> WORK INSTRUCTION:
Print out the data below in full and exactly, skipping the pictures.

> GIVEN DATA:
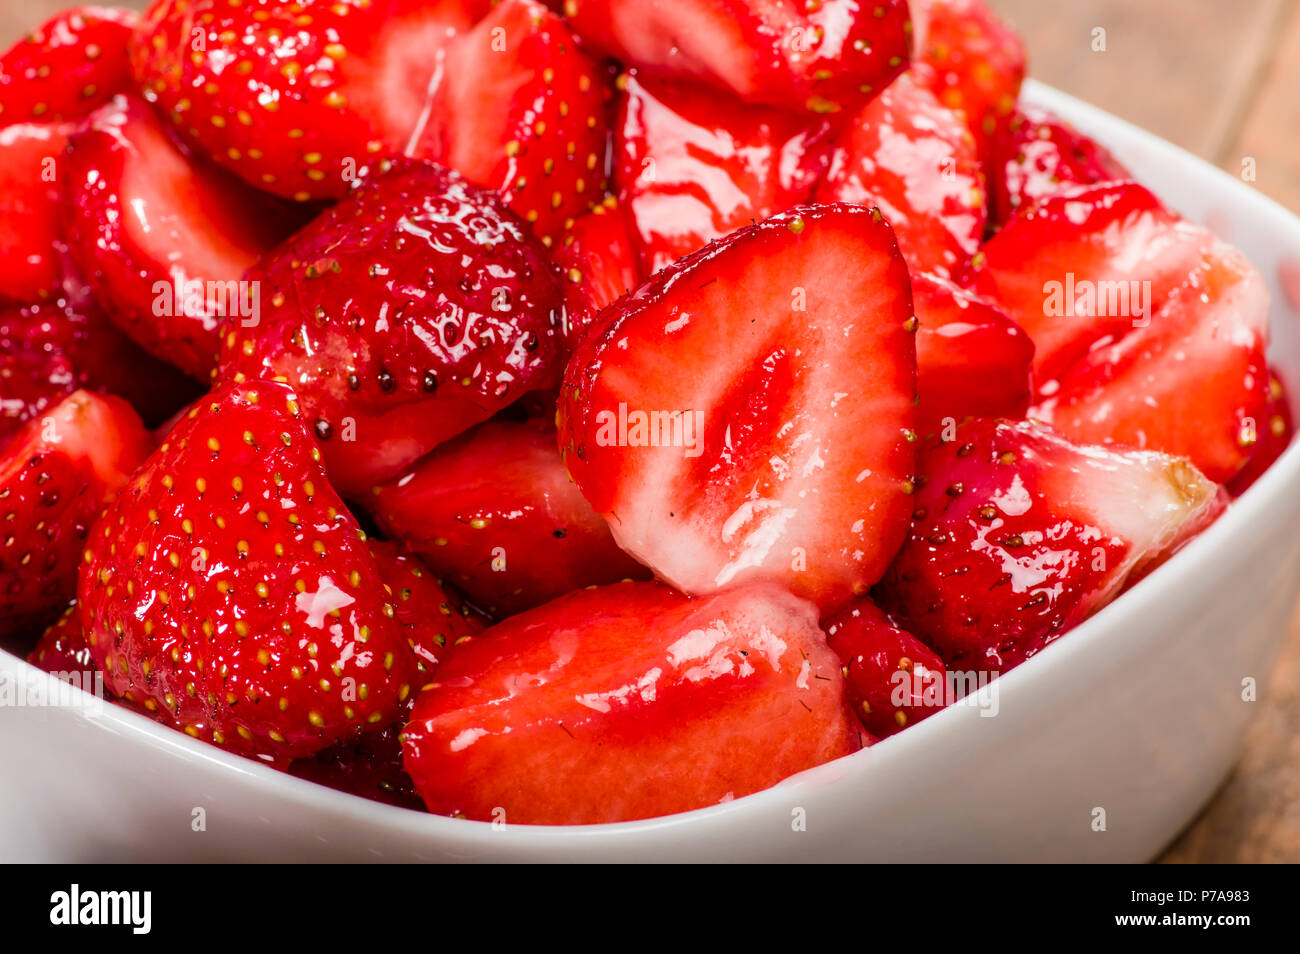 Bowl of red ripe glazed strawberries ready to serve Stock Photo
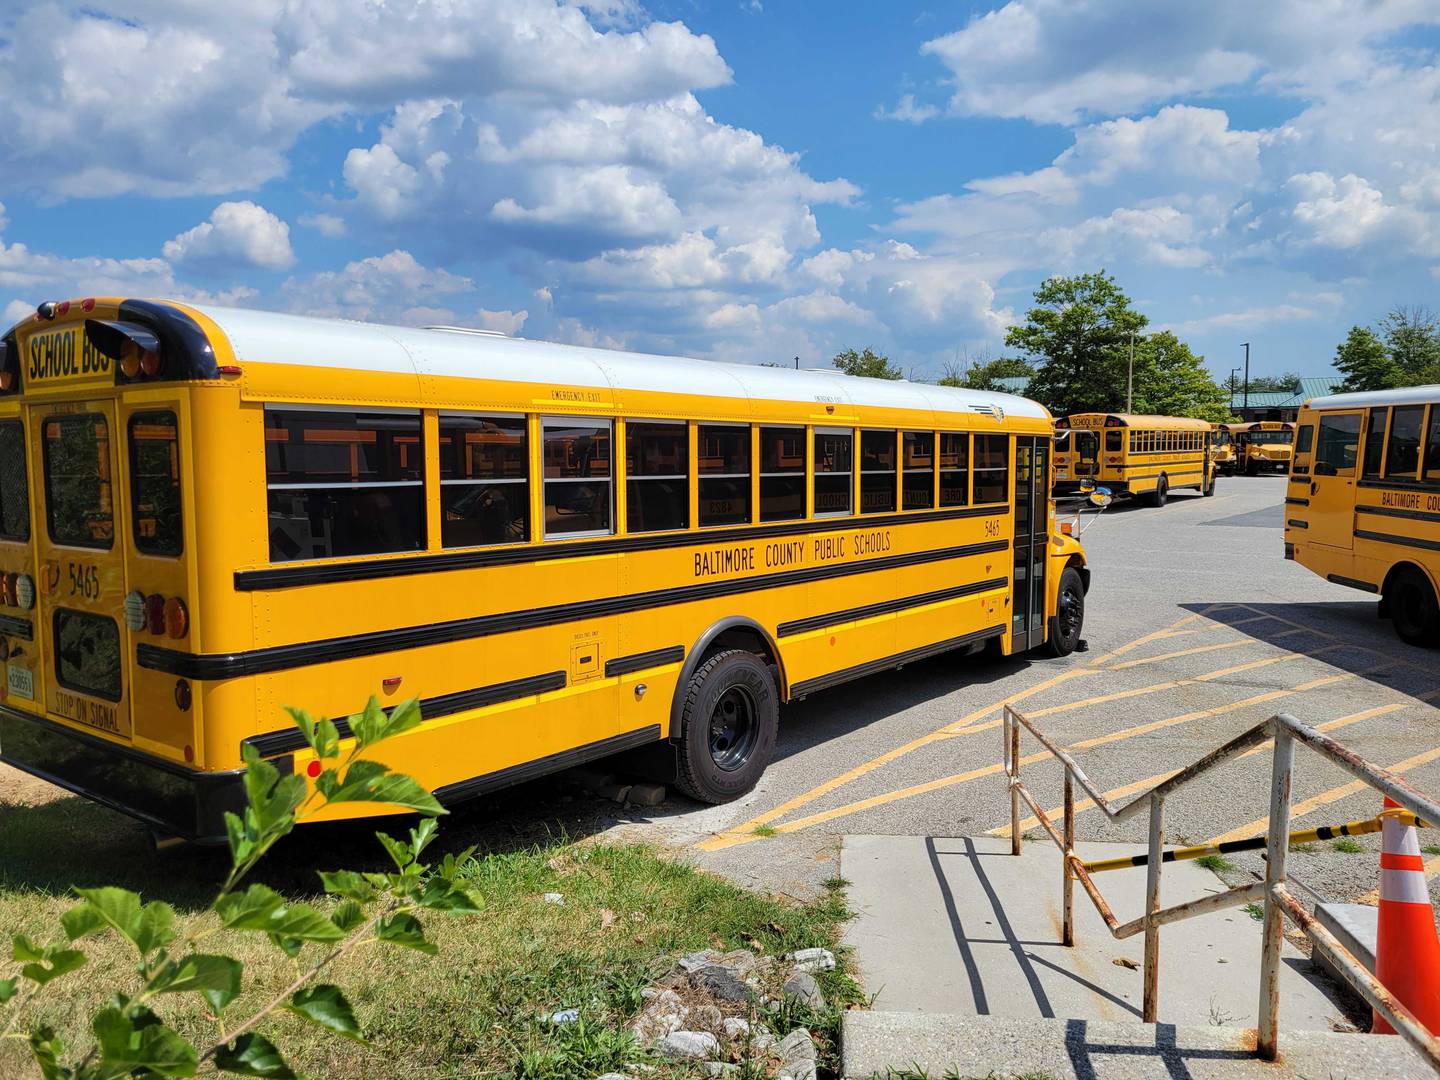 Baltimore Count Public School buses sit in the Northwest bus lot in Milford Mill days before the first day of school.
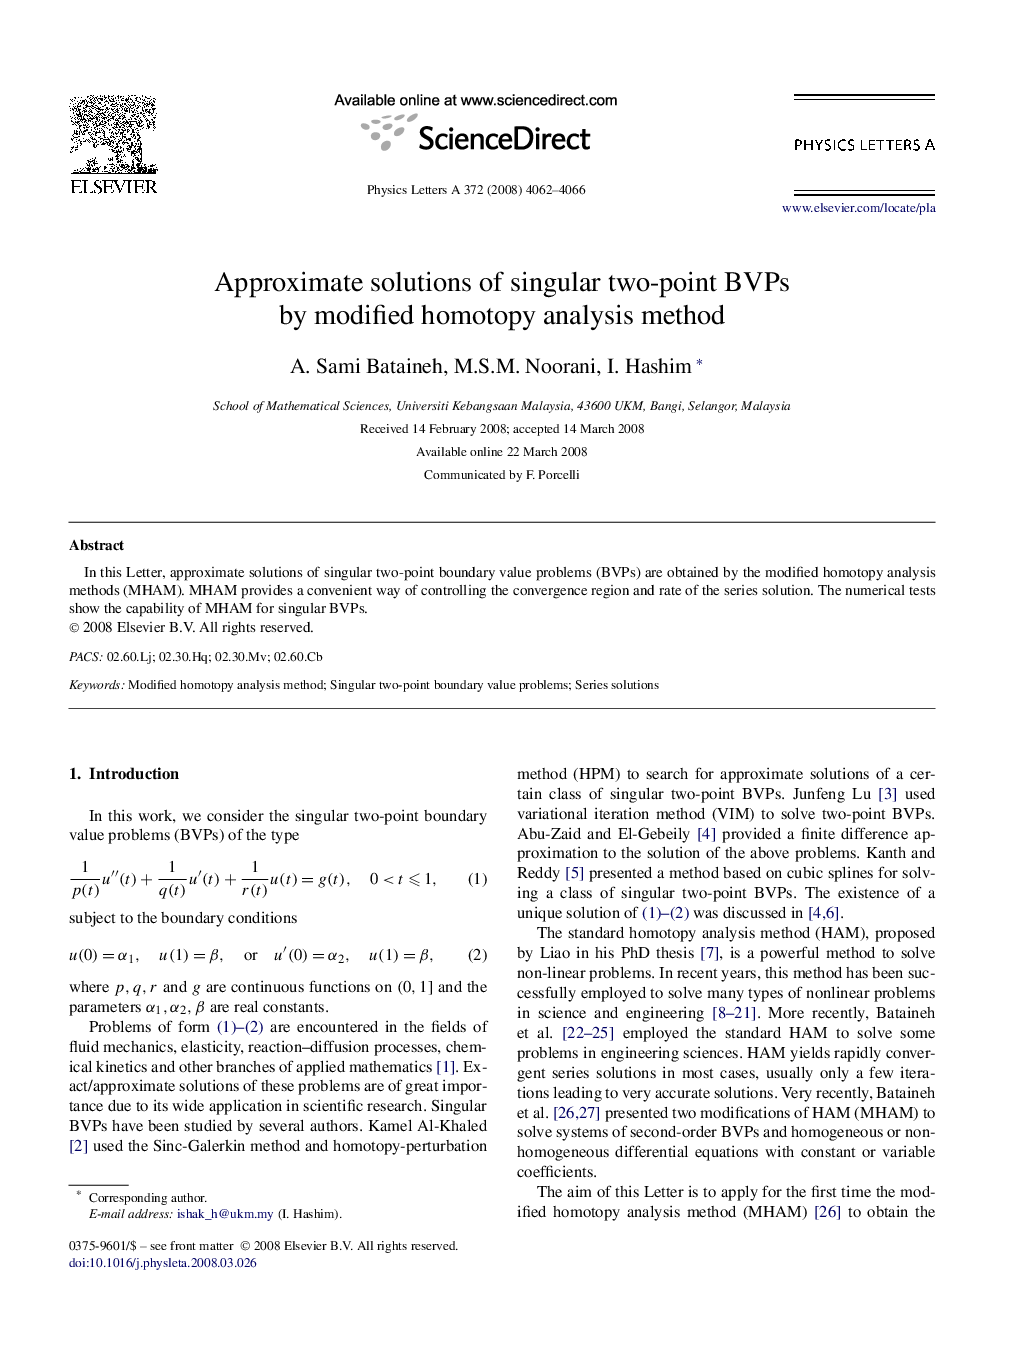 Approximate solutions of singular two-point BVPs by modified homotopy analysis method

> YOUR SOLUTION:
 Bowl of red ripe glazed strawberries ready to serve Stock Photo
 Baltimore Count Public School buses sit in the Northwest bus lot in Milford Mill days before the first day of school.
 Approximate solutions of singular two-point BVPs by modified homotopy analysis method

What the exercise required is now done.